I agree that it is a sick state of affairs when millions are spent every year to flush salmon down river and the adults are tossed dead into the river. :mad:

As the money continues to dry up I think you'll see the lobbyists for the commercial interests dissappear. Hopefully we can be organized enough to step and take their place.

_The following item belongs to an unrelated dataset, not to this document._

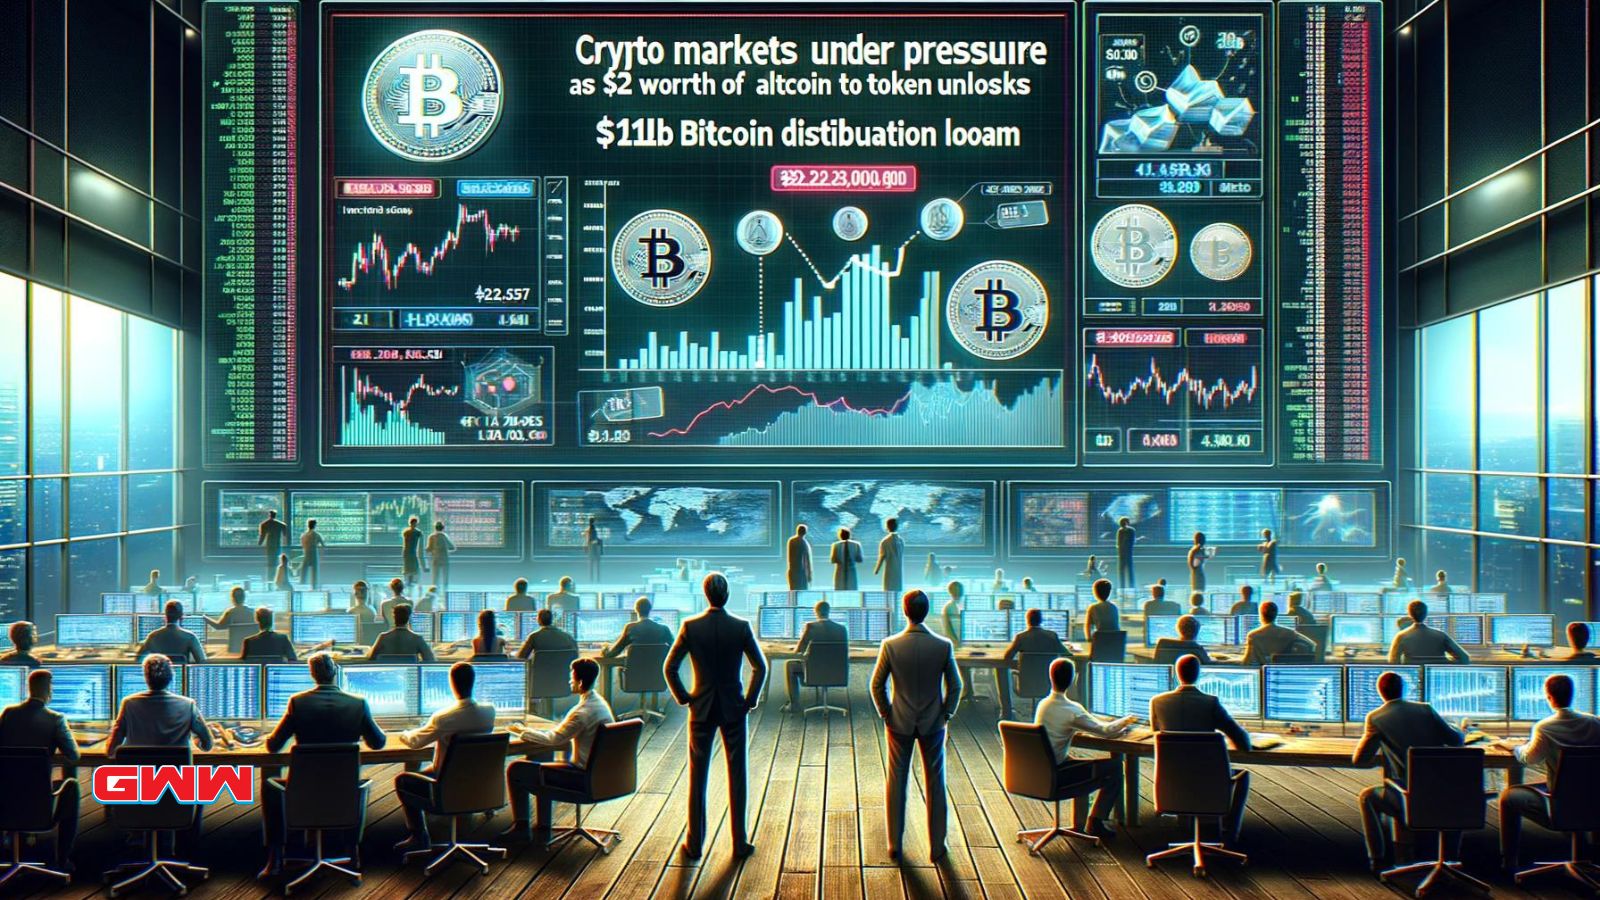 Traders monitor altcoin unlocks and Bitcoin distribution risks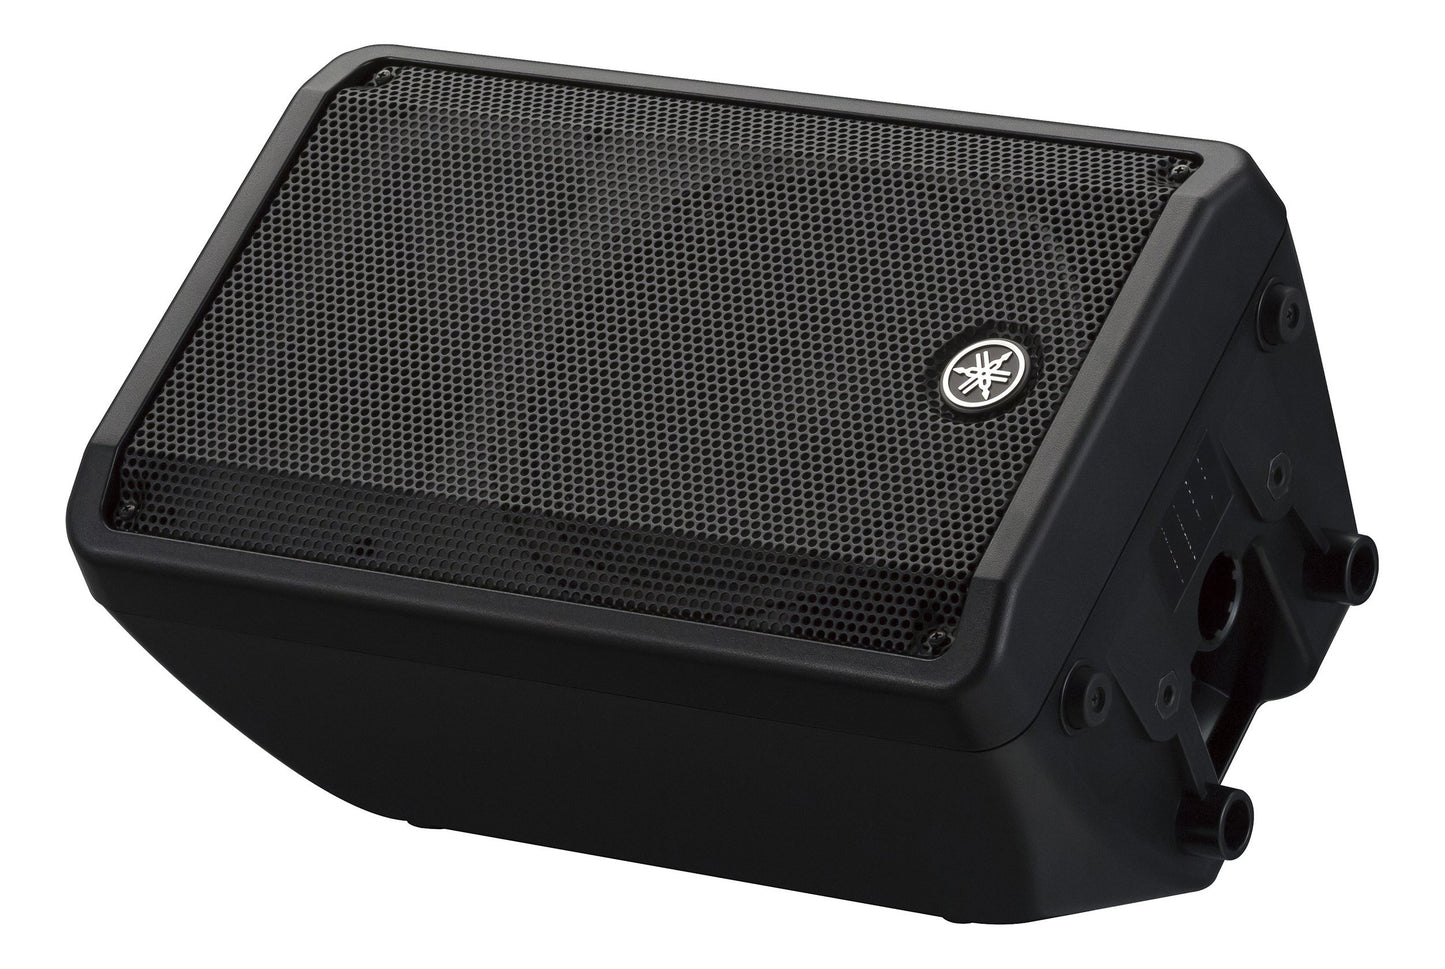 Yamaha CBR10 10" 2-Way Speaker

The next few years ought to be interesting....maybe someone can buy up old gillnet boats and turn them into charter boats for the river?

4Salt
10-02-2002, 10:05 AM
I realize that Tule's are the native chinook stock in the lower Columbia, but I'm curious as to why the tribes haven't lobbied the feds to raise URB's at the Spring Creek hatchery instead?

Sublime
10-02-2002, 01:36 PM
okay, yet ANOTHER silly question... What are 'Tule' salmon?? I haven't heard the expression before. Sorry to be ignorant, I would just like to learn more :smile:

Sublime
10-02-2002, 01:39 PM
shoot, must've just been too late in responding...now I know...

chromebright
10-02-2002, 01:51 PM
Most of the tribal fishing goes on above the spring creek hatchery. There is less than 20 miles of tribal fishing from Bonni to Spring Creek so they do not really have a huge stake in what is raised. Maybe they will someday take it over like a lot of other hatcherys and start raising something better. The flip side is that I have been told that the Tules from Spring Creek help sustain our treaty with Canada, allowing more of our good fish to return to our waters.